- Film poster
- Spanish: Tarde para la ira
- Directed by: Raúl Arévalo
- Written by: Raúl Arévalo; David Pulido;
- Produced by: Beatriz Bodegas
- Starring: Antonio de la Torre; Luis Callejo; Ruth Díaz; Raúl Jiménez; Manolo Solo; Font García; Pilar Gómez; Alicia Rubio;
- Cinematography: Arnau Valls Colomer
- Edited by: Ángel Hernández Zoido
- Music by: Lucio Godoy
- Production companies: La Canica Films; Agosto, La Película AIE;
- Distributed by: Entertainment One Films Spain
- Release dates: 2 September 2016 (Venice); 9 September 2016 (Spain);
- Running time: 92 minutes
- Country: Spain
- Language: Spanish

= The Fury of a Patient Man =

2016 film

The Fury of a Patient Man (Tarde para la ira) is a 2016 Spanish thriller film directed by Raúl Arévalo, which stars Antonio de la Torre, Luis Callejo, and Ruth Díaz.

The film won four Goya Awards, namely Best Film, Best New Director, Best Supporting Actor (Manolo Solo), and Best Original Screenplay.

==Plot==
The film is set in Madrid in August 2007. Curro is imprisoned after taking part in the robbery of a jewellery store. Eight years later, he leaves prison with the intention of beginning a new life, together with his girlfriend Ana and his son, but he encounters an unexpected situation and a stranger, José, who will take him to an unknown course, close to vengeance.

==Production==
The film was produced by La Canica Films and Agosto AIE in association with Film Factory and Palomar, with the participation of RTVE and Movistar+ and the collaboration of ICAA and Crea SGR.

== Release ==
The film made its debut in the Horizons section at the 73rd Venice International Film Festival. It was also screened in the Discovery section at the 2016 Toronto International Film Festival. Distributed by Entertainment One Films Spain, it was theatrically released in Spain on 9 September 2016.

== Critical reception ==
Jessica Kiang of Variety deemed the film to be "a taut little story of devolving nastiness, uncompromising in its relentless, western-influenced linearity", yet also with an element of surprise.

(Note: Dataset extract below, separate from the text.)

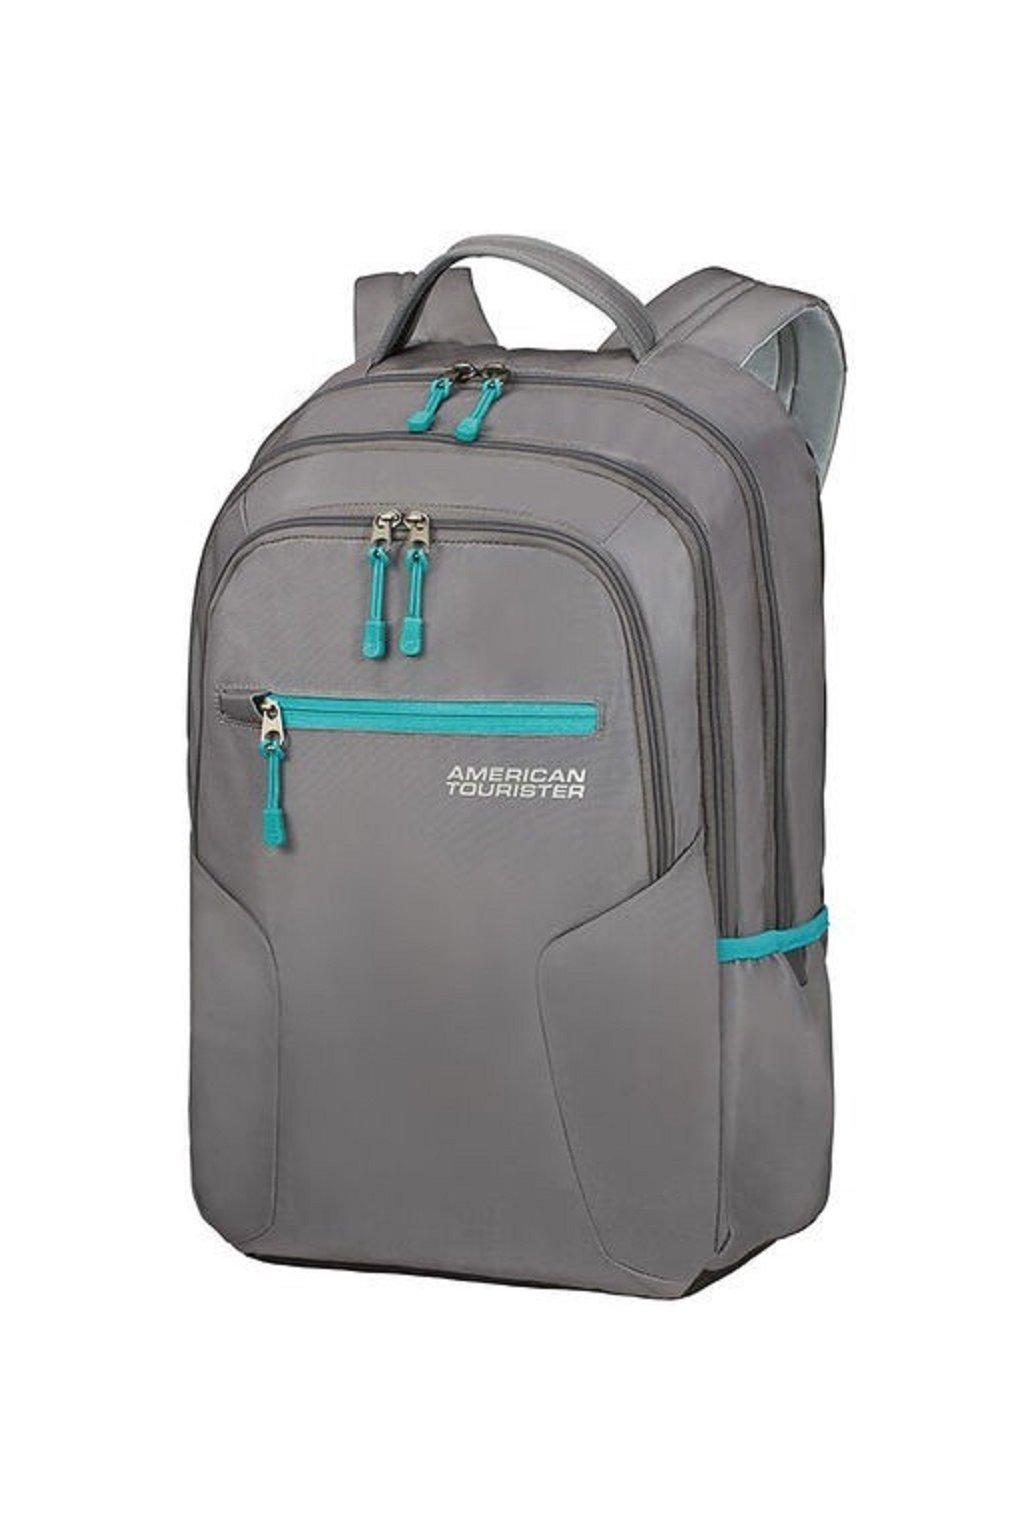 "Urban Groove Laptop Backpack 15.6"" Grey/Green"
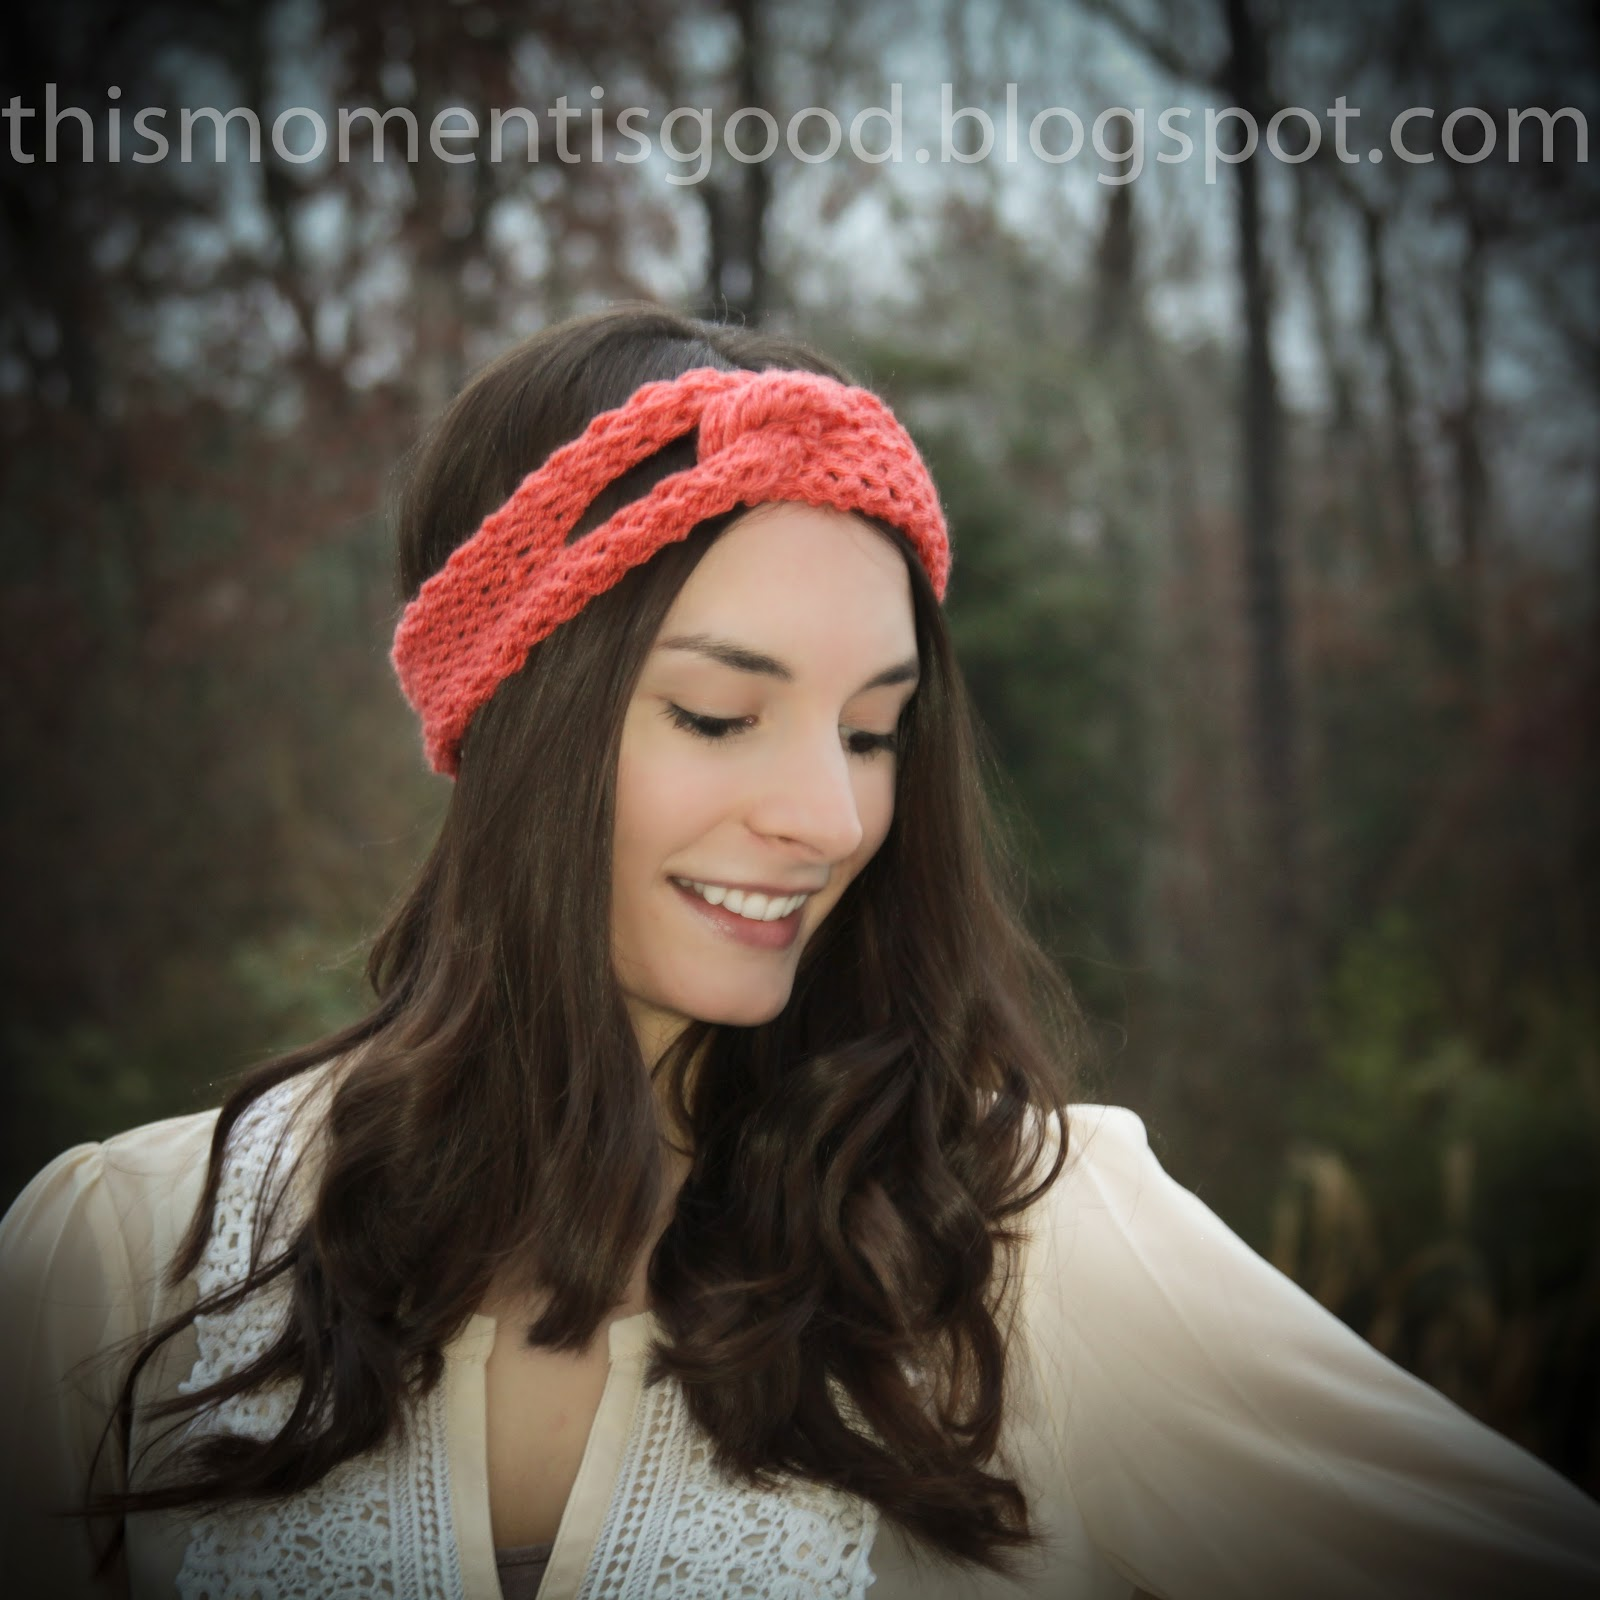 Free Knitting Pattern Twisted Headband : Loom Knitting by This Moment is Good!: LOOM KNIT TWISTED ...

Jonathan Holland of The Hollywood Reporter deemed the film to be "broodingly intense revenge thriller that reflects the fine, broodingly intense performance driving it relentlessly forward".

==Awards and nominations==

| Year | Award | Category | Nominee(s) | Result | Ref. |
| 2017 | 22nd Forqué Awards | Best Film |  | Won |  |
| Best Actor | Antonio de la Torre | Nominated |
| 4th Feroz Awards | Best Drama Film |  | Won |  |
| Best Director | Raúl Arévalo | Won |
| Best Screenplay | Raúl Arévalo & David Pulido | Won |
| Best Main Actor | Antonio de la Torre | Nominated |
| Best Supporting Actor | Manolo Solo | Won |
| Best Supporting Actress | Ruth Díaz | Won |
| Best Film Poster |  | Nominated |
| 31st Goya Awards | Best Film |  | Won |  |
| Best Actor | Antonio de la Torre | Nominated |
| Luis Callejo | Nominated |
| Best Supporting Actor | Manolo Solo | Won |
| Best New Actor | Raúl Jiménez | Nominated |
| Best New Actress | Ruth Díaz | Nominated |
| Best Original Screenplay | Raúl Arévalo & David Pulido | Won |
| Best New Director | Raúl Arévalo | Won |
| Best Cinematography | Arnau Valls Colomer | Nominated |
| Best Editing | Ángel Hernández Zoido | Nominated |
| Best Costume Design | Alberto Valcárcel & Cristina Rodríguez | Nominated |
| 26th Actors and Actresses Union Awards | Best Film Actor in a Leading Role | Antonio de la Torre | Nominated |  |
| Luis Callejo | Won |
| Best Film Actress in a Minor Role | Pilar Gómez | Won |
| Best Film Actor in a Minor Role | Manolo Solo | Won |
| Best New Actress | Ruth Díaz | Won |
| Best New Actor | Font García | Won |
| 59th Ariel Awards | Best Ibero-American Film |  | Nominated |  |

==Remake==
In July 2017, Studio 8 acquired the rights to remake the film, with Albert Hughes set to direct and The Picture Company will co-produce the remake.